I went to the female parent's funeral. We went in after everyone else and sat at the back. I even parked around the corner, almost out of sight so that I could watch the coffin leave the house and then went a slightly different route and got to the cemetary and went into a different car park from where I knew vehicles attending the actual funeral parked on a drive.
At the end of the service at the Crem, everyone filed out. My sibling saw us and came and gave me a hug. No idea if the male parent saw it but friends and neighbours did. When everyone including him was looking at the flowers, hubby and the kids went over there. Hubby tells me that went and spoke to the male parent just to say sorry about the female parent's death. I went and sat in the loo. I didn't want to see or speak to anyone. Eventually I came out and then he must still have been there. Now either before I went to be by myself or afterwards, because I don't remember, one of his ex-neighbours came over and told me to go and speak to him. I refused so she grabbed me by the wrist and made to pull me. Twice I told her to let go of me please. The second time, another neighbour told her to not try to make me and she did let go. But by that time I was wondering what I was going to have to say to her to make her loose hold of me.
I was sad I suppose that she was dead. But it was what she had wanted for some time and her condition was so awful that it wasn't living. She wanted away from him too I think.
But she had died in my eyes about thirteen years before. I was expecting child two. It was Feb 1997 and one day she was at my house. She said something to me incredibly nasty. But it was also the way she said it. She had been getting more unpleasant for long time but it was a shock to realise just how much she hated and disliked me. After that, there was just someone wearing her skin and who had her voice but it wasn't her. That day she totally destroyed everything I believed in about mothers. It changed the way I was with my daughter. I didn't believe in mothers any more. I cried a lot. I cried every night for months. It was grief because she died suddenly in front of me that afternoon.

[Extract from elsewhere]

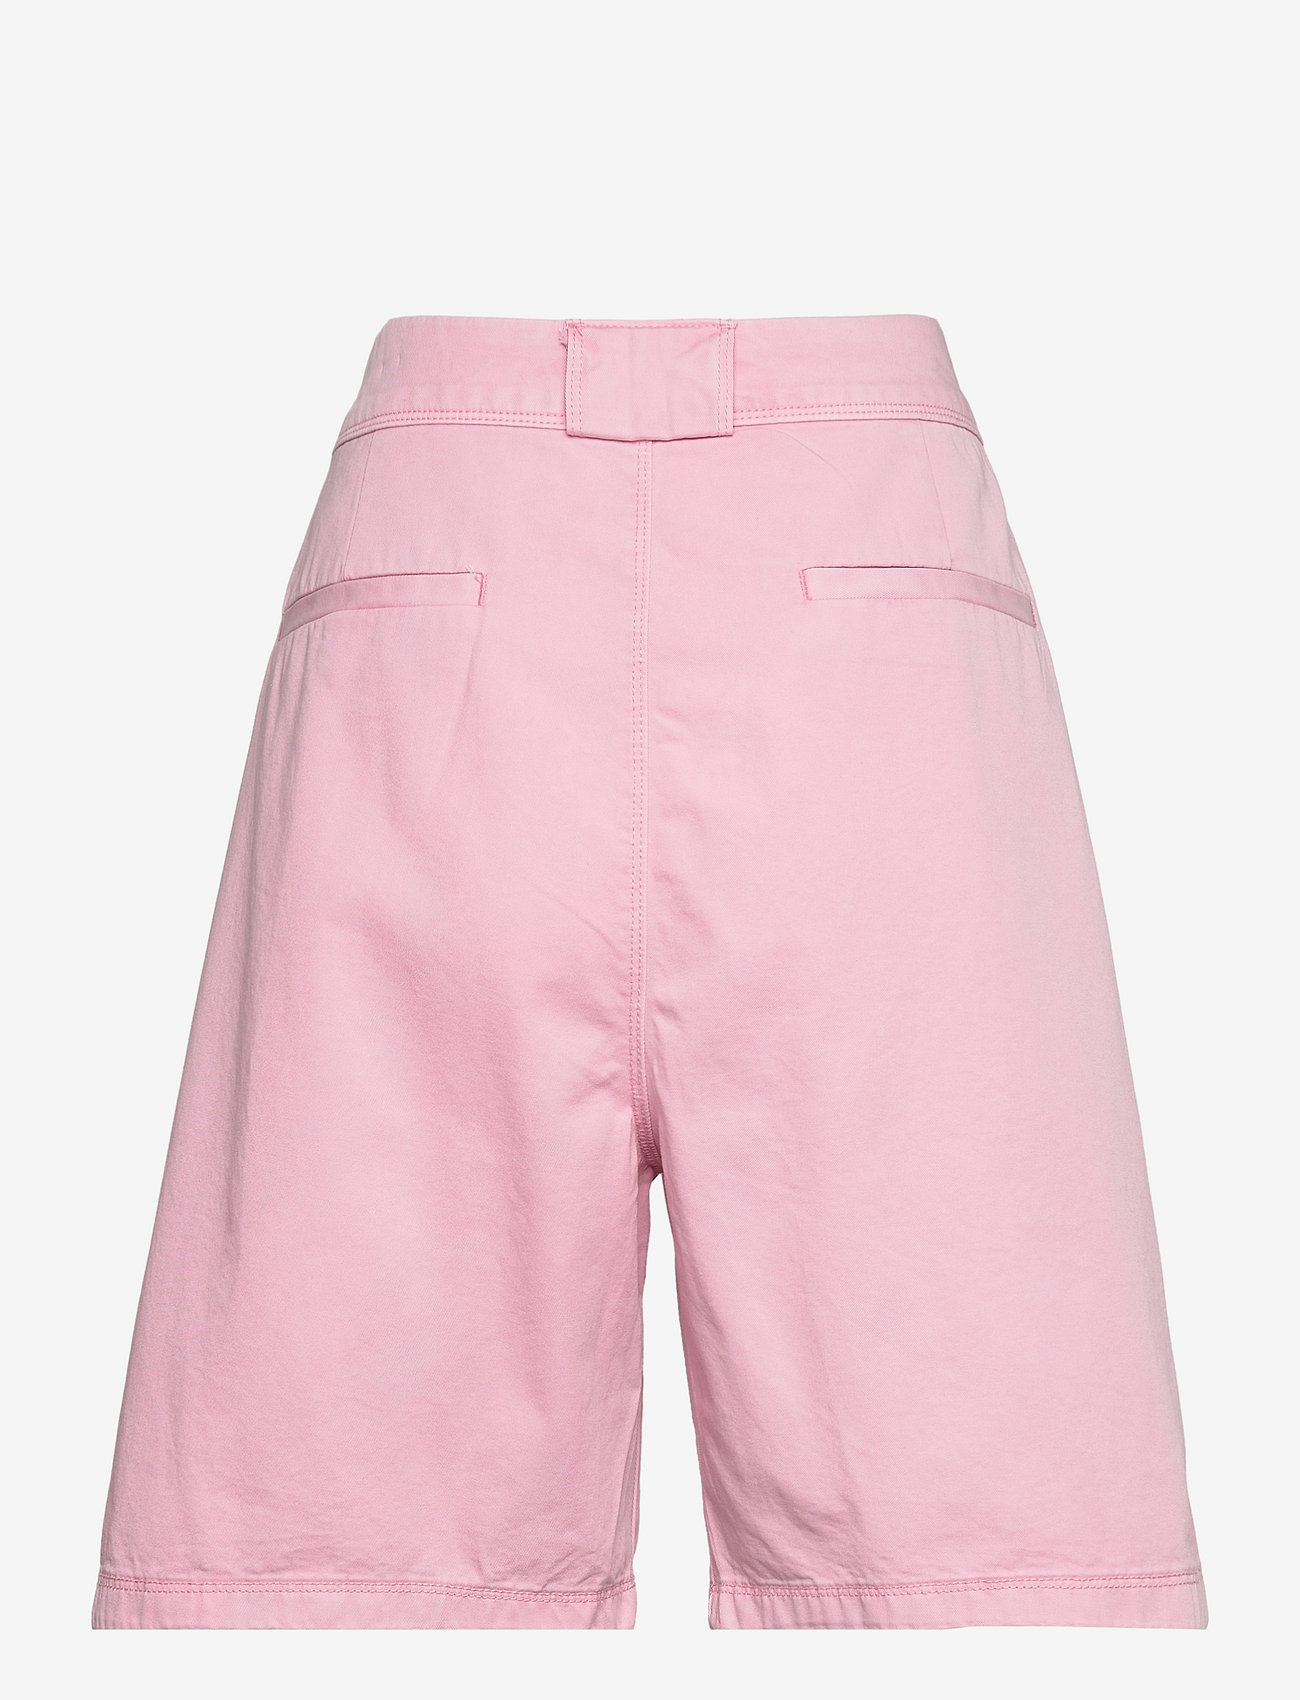 Esprit Casual - Shorts woven - chino shorts - pink - 1

Things never changed. The next decade wasn't good and I'm scared and scarred from it. Then I ended up without any intention on my part of becoming carer to both parents. My life was a nightmare and worse quite honestly was having to help to lift her, help her to walk and then almost lift her into the car. Then I'd have to lean across and put the seatbelt on. It was all physical contact which I didn't want.
After the funeral people went back to the parent's house where my sibling had put on a buffet. I do a pretty mean salad platter and she had me do one for her. I also did the memorial A4 turned into a 2-side 4-page Order of Service.
My lovely friend Jo who is a writer and poet helped me to write a memorial poem just for her. It's posted on GR. This is the link. http://www.genesreunited.co.uk/boards/board/general_chat/thread/1255692?page=6
When she was alive I did everything I could except for the last few months. But she was being well cared for in a home and then after her second stroke in hospital. If her welfare had been in danger, maybe I'd have stuck around but there was no telling how long I'd be stuck caring for both of them if they took themselves back home. It was non-stop and I'd had enough. I was a mess and knew I was heading for a heart attack, breakdown or stroke myself and I owed it to my own family who the parents totally disregarded to walk away.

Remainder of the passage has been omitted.